Task
Given a binary search tree (BST) with duplicates, find all the mode(s) (the most frequently occurred element) in the given BST.
Assume a BST is defined as follows:
- The left subtree of a node contains only nodes with keys less than or equal to the node’s key.
- The right subtree of a node contains only nodes with keys greater than or equal to the node’s key.

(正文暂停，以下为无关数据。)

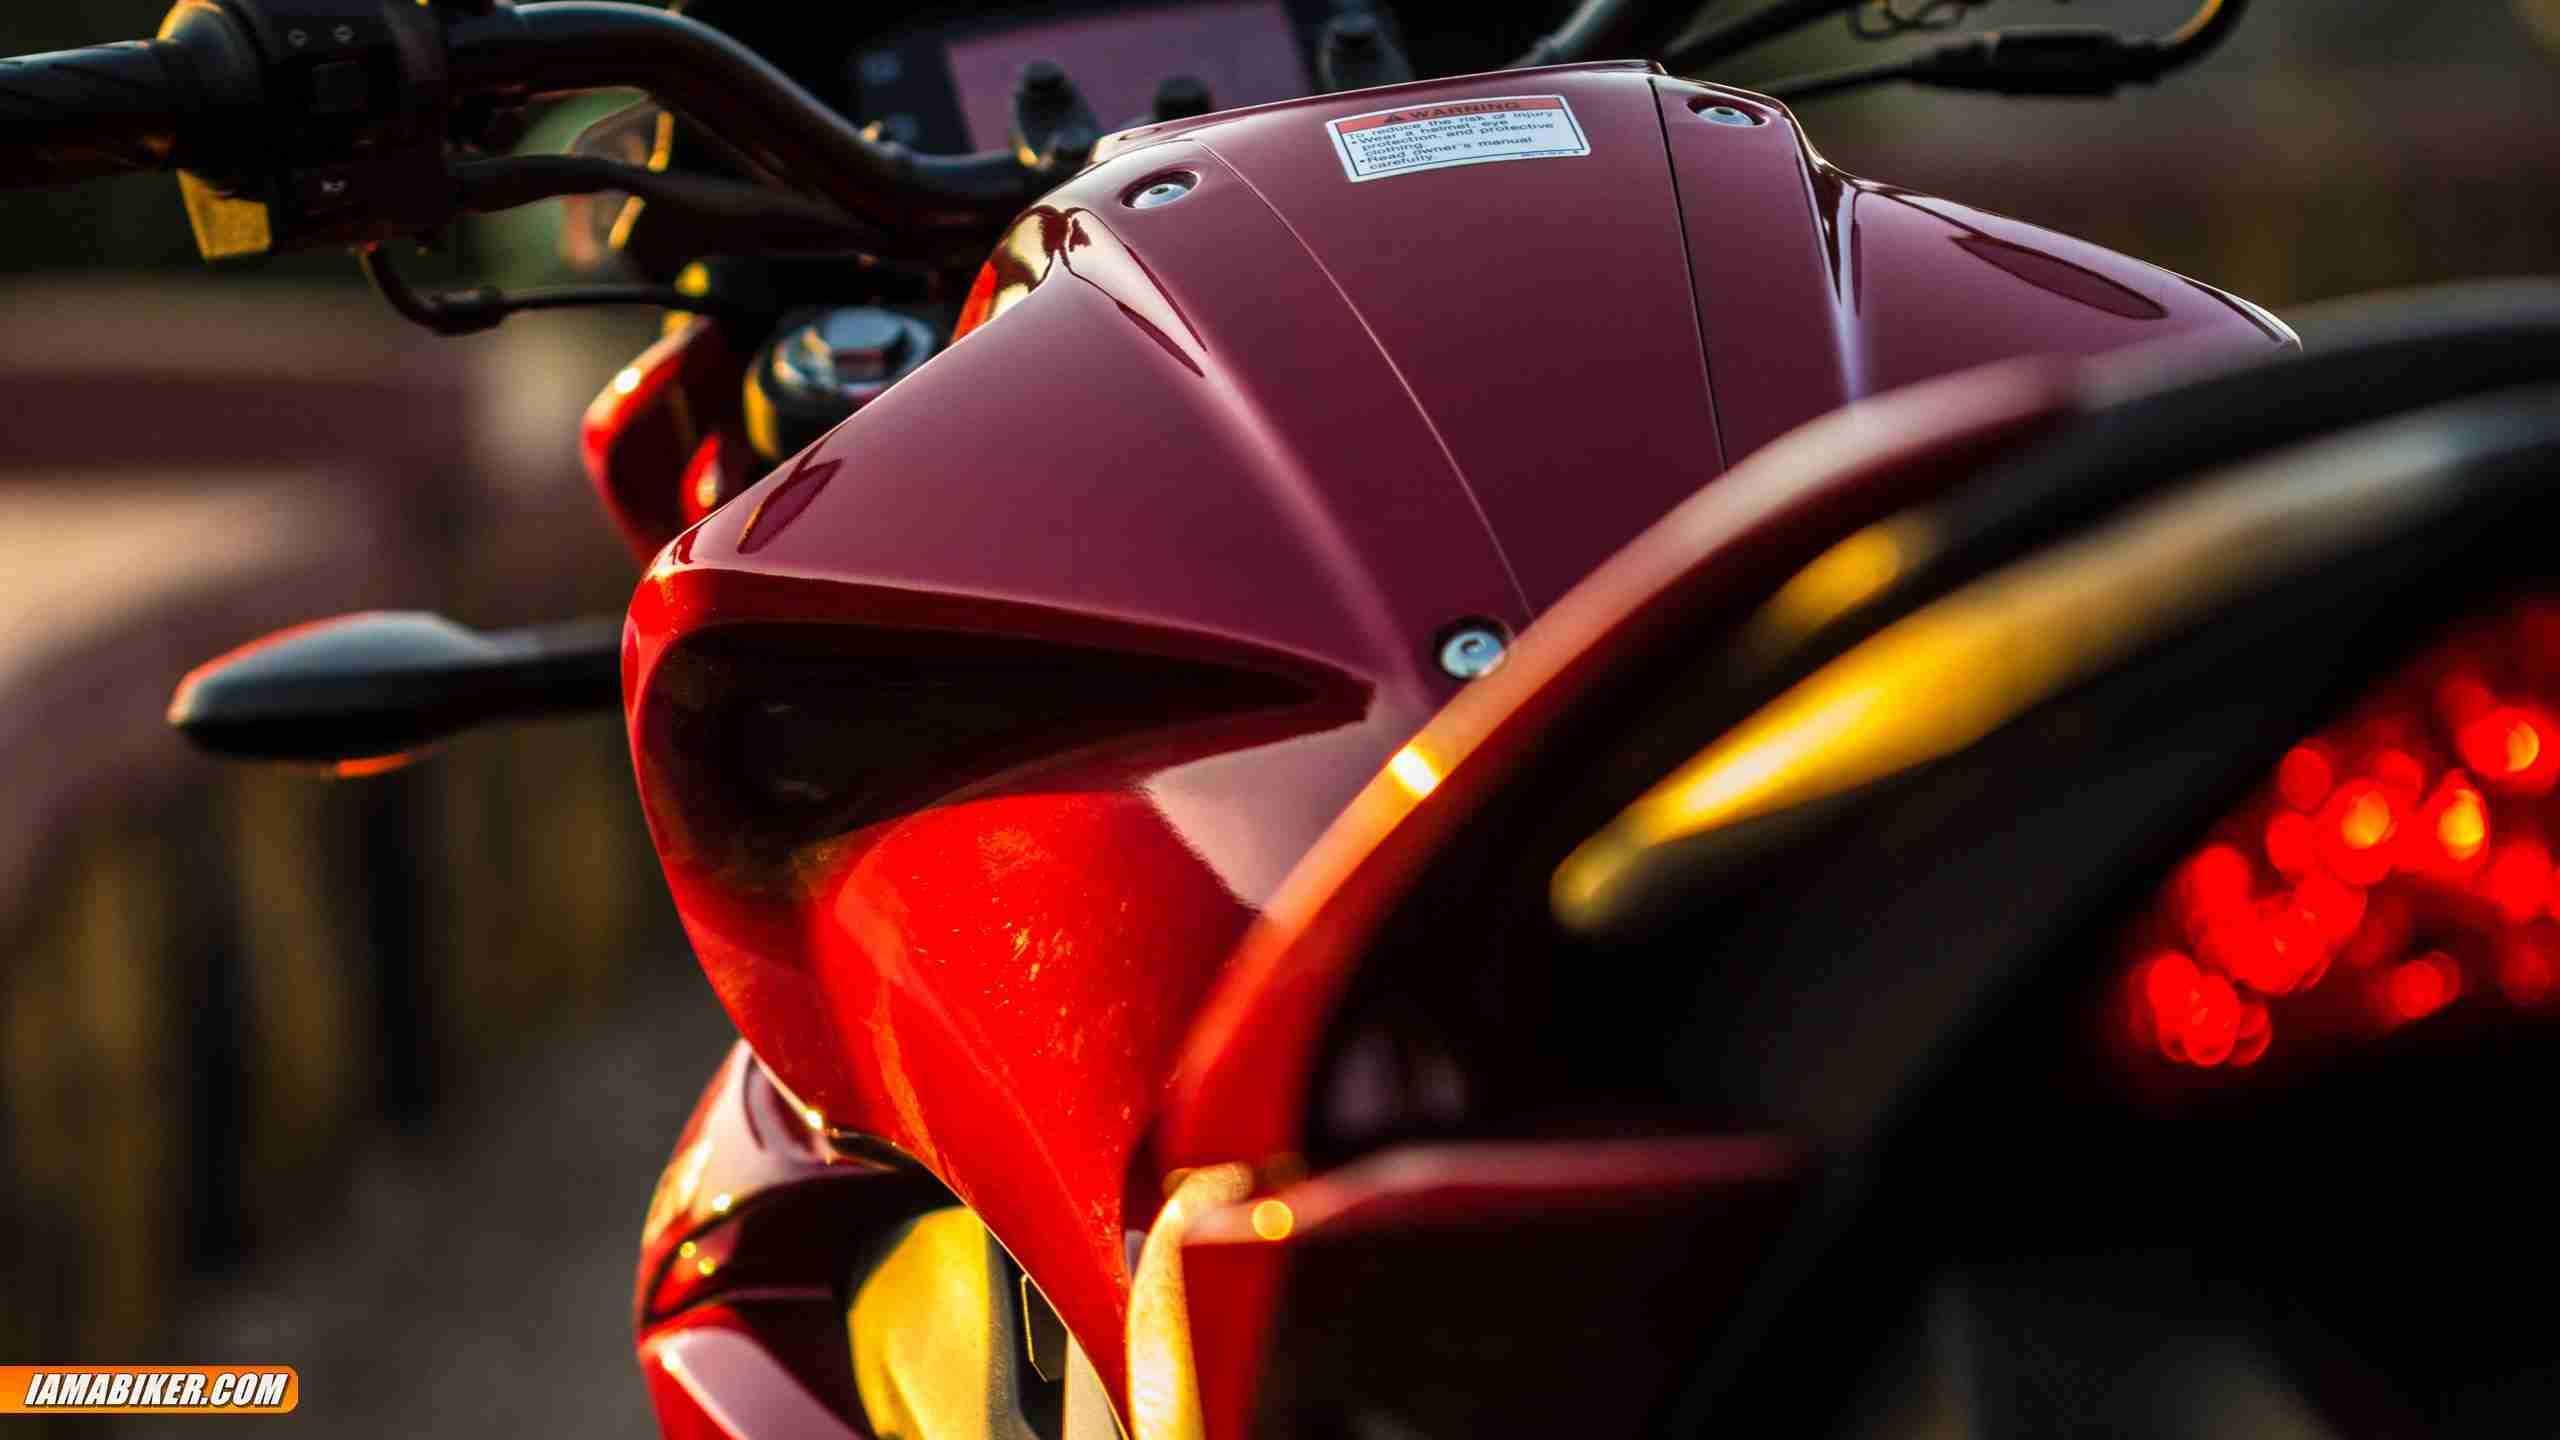 Suzuki Gixxer 155 HD wallpaper

-Both the left and right subtrees must also be binary search trees.
Examples
For example:
Given BST [1,null,2,2],
return [2].
Note: If a tree has more than one mode, you can return them in any order.
Follow up: Could you do that without using any extra space? (Assume that the implicit stack space incurred due to recursion does not count).
Solution
- 查找BST中出现次数最多的元素,使用中序遍历,问题转化为:遍历一个升序数组,只需在每看到新值时对其计数。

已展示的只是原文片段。